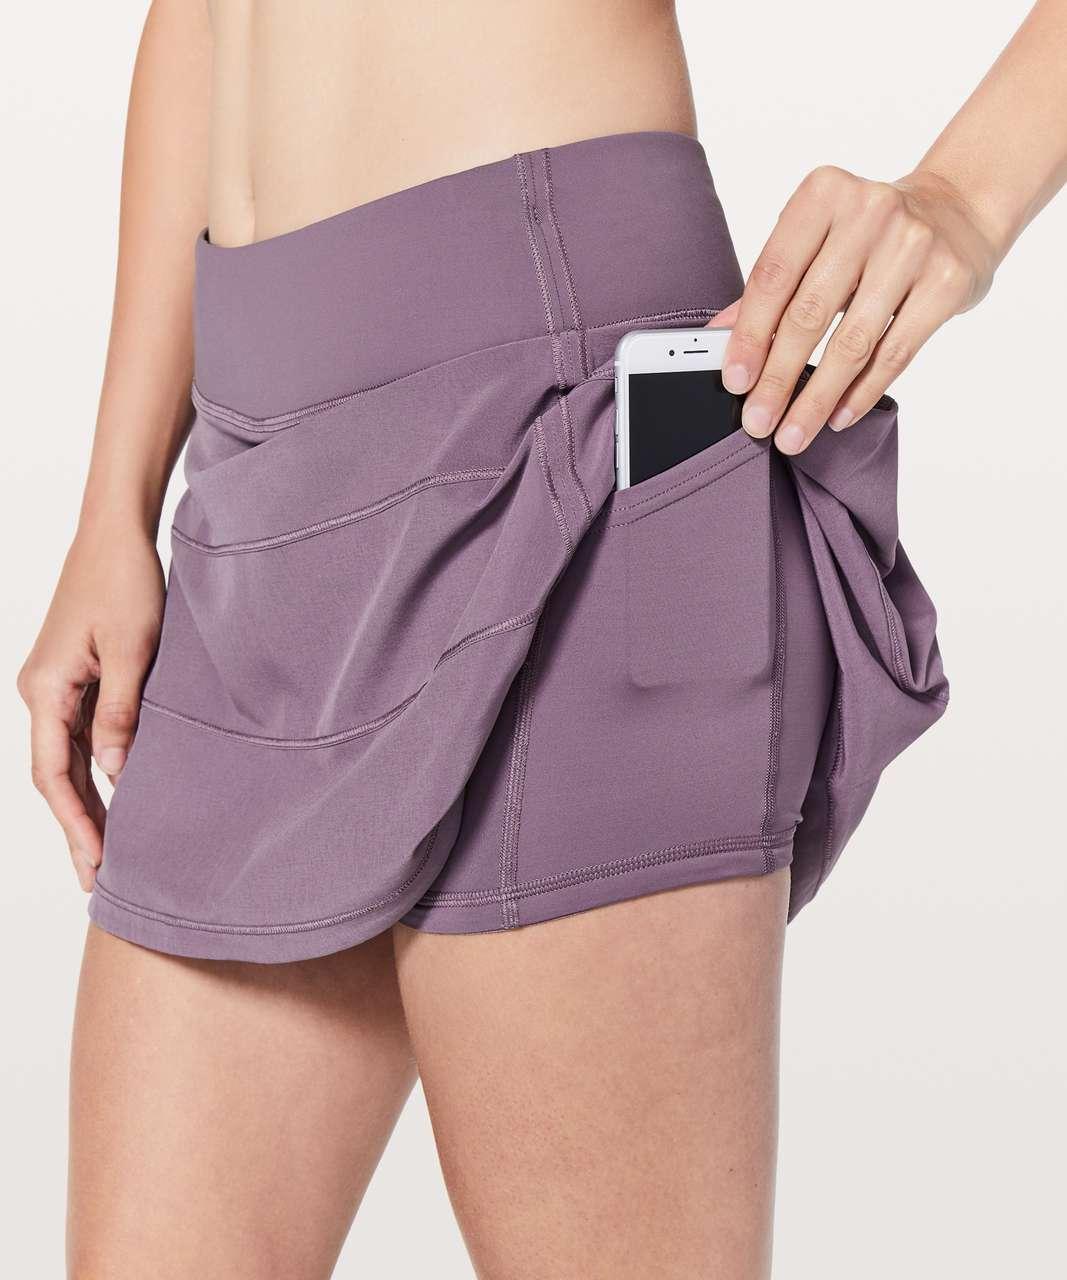 "Lululemon Pace Rival Skirt (Tall) *4-way Stretch 15"" - Smoked Mulberry"
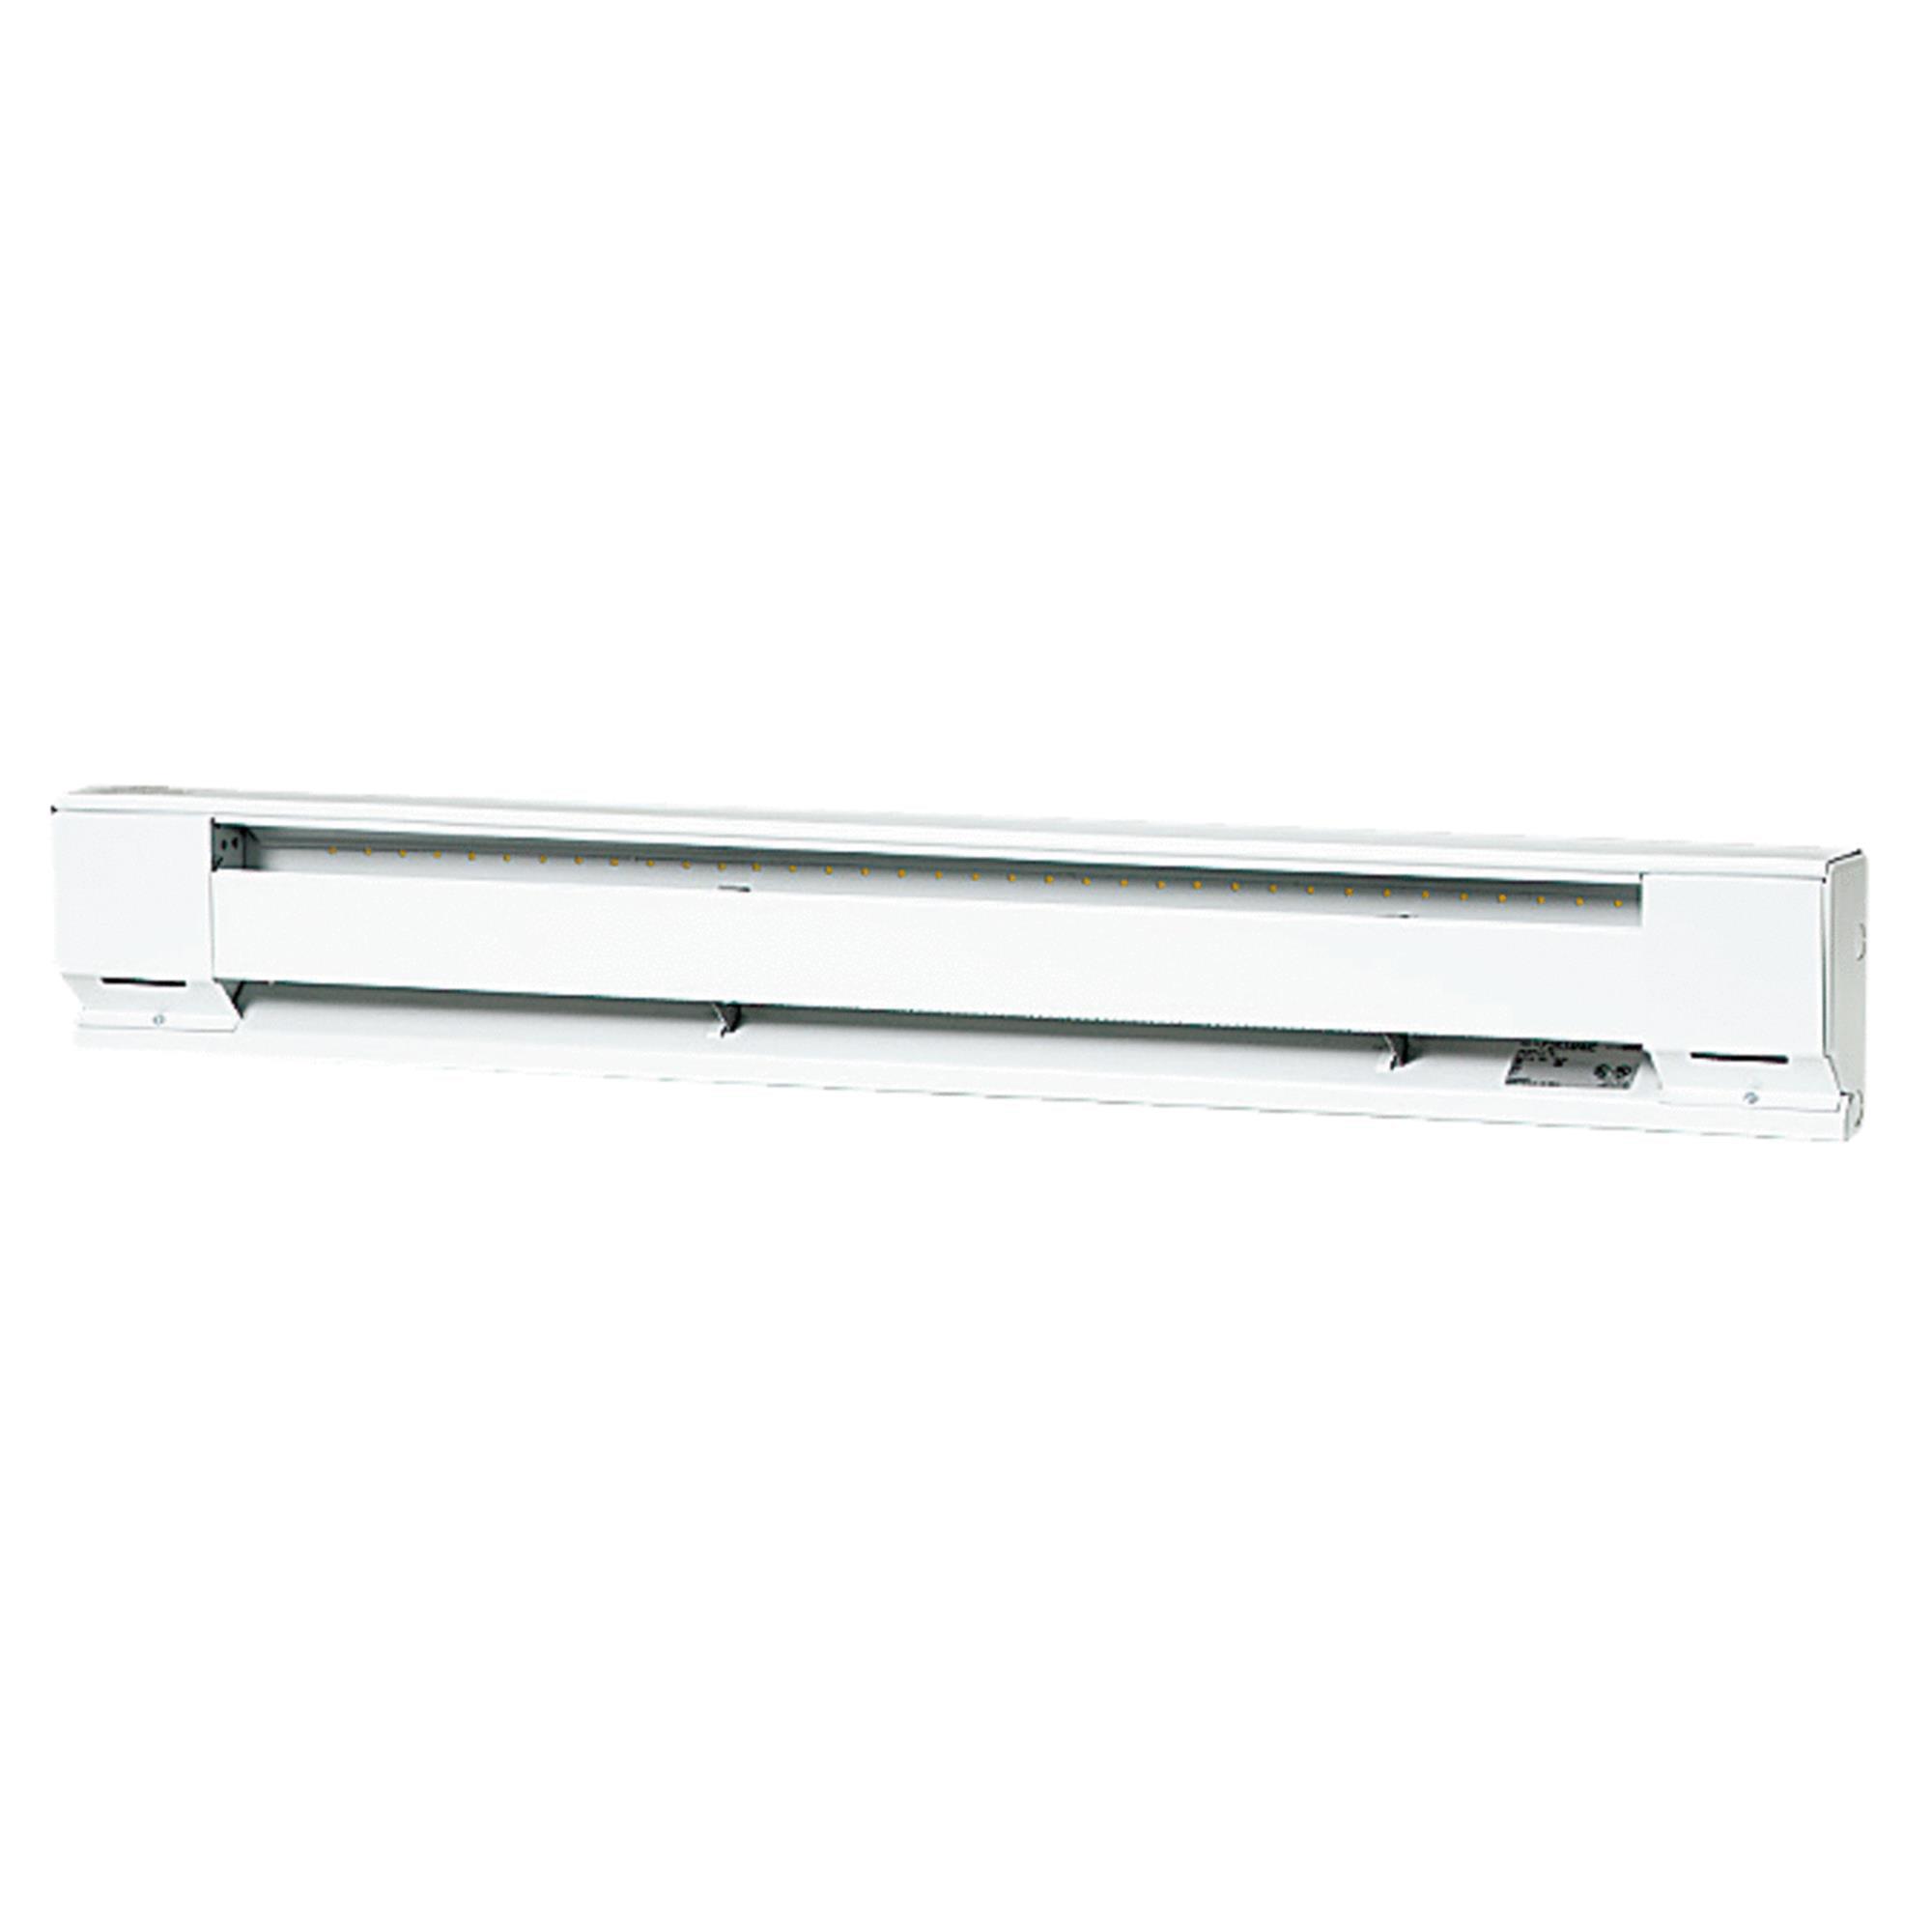 Fahrenheat Utility Well House Electric Baseboard Heater
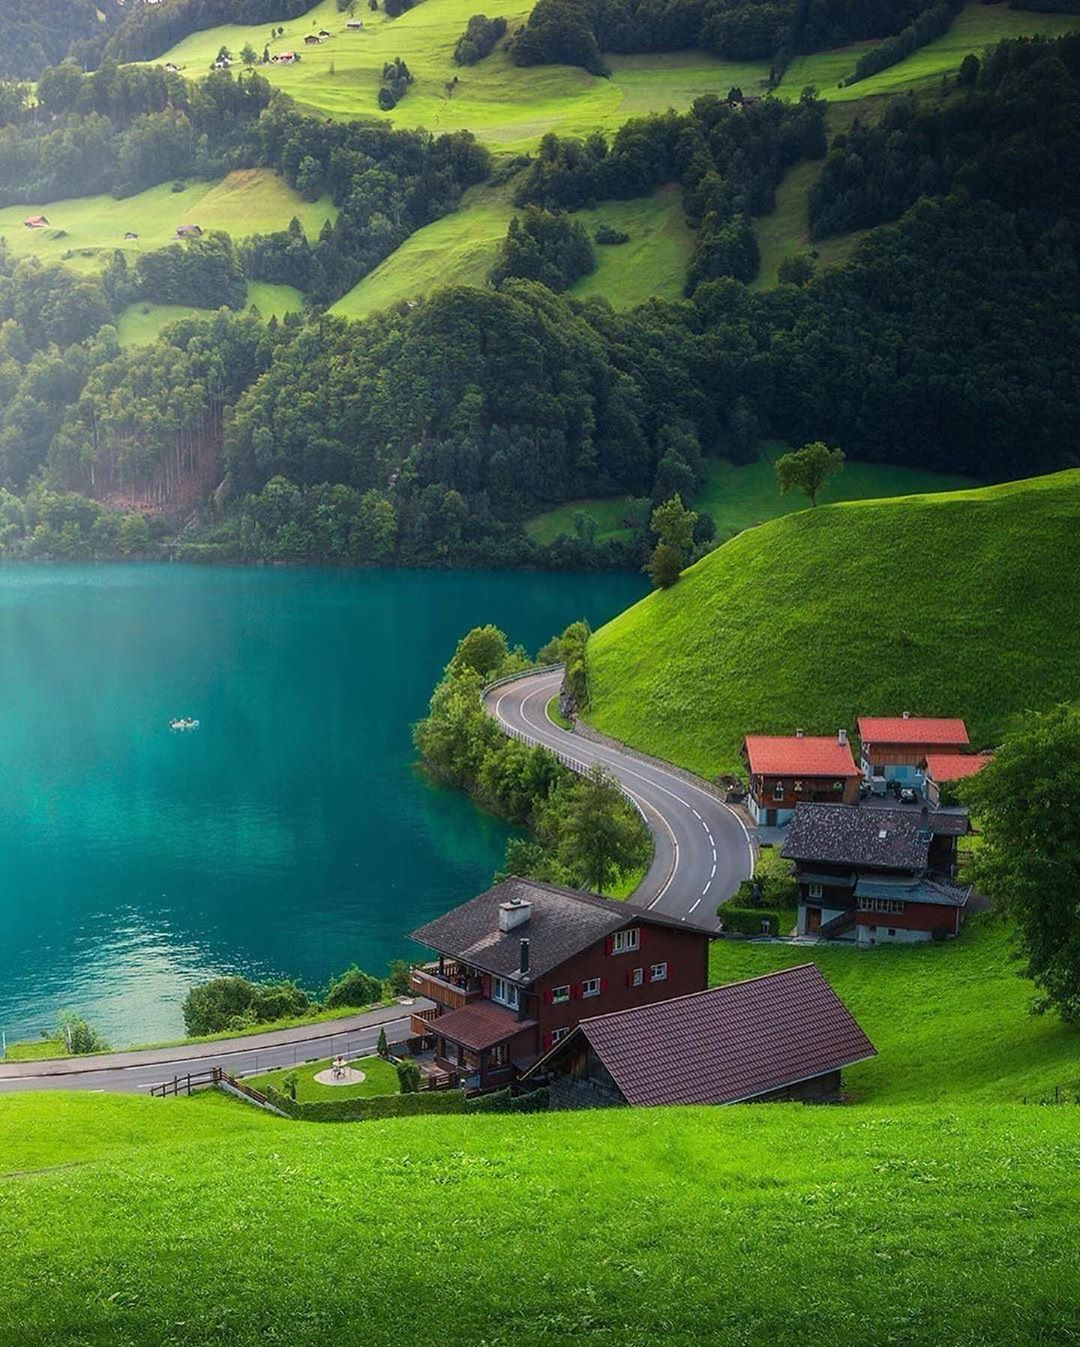 f96bf6bdecd640a1bf0bb21654ad1001?from=pc - 瑞士:一个童话般的国家
____
Set the listing above down again exactly, leaving pictures out.

Written response:
 "Lululemon Pace Rival Skirt (Tall) *4-way Stretch 15"" - Smoked Mulberry"
 Fahrenheat Utility Well House Electric Baseboard Heater
 f96bf6bdecd640a1bf0bb21654ad1001?from=pc - 瑞士:一个童话般的国家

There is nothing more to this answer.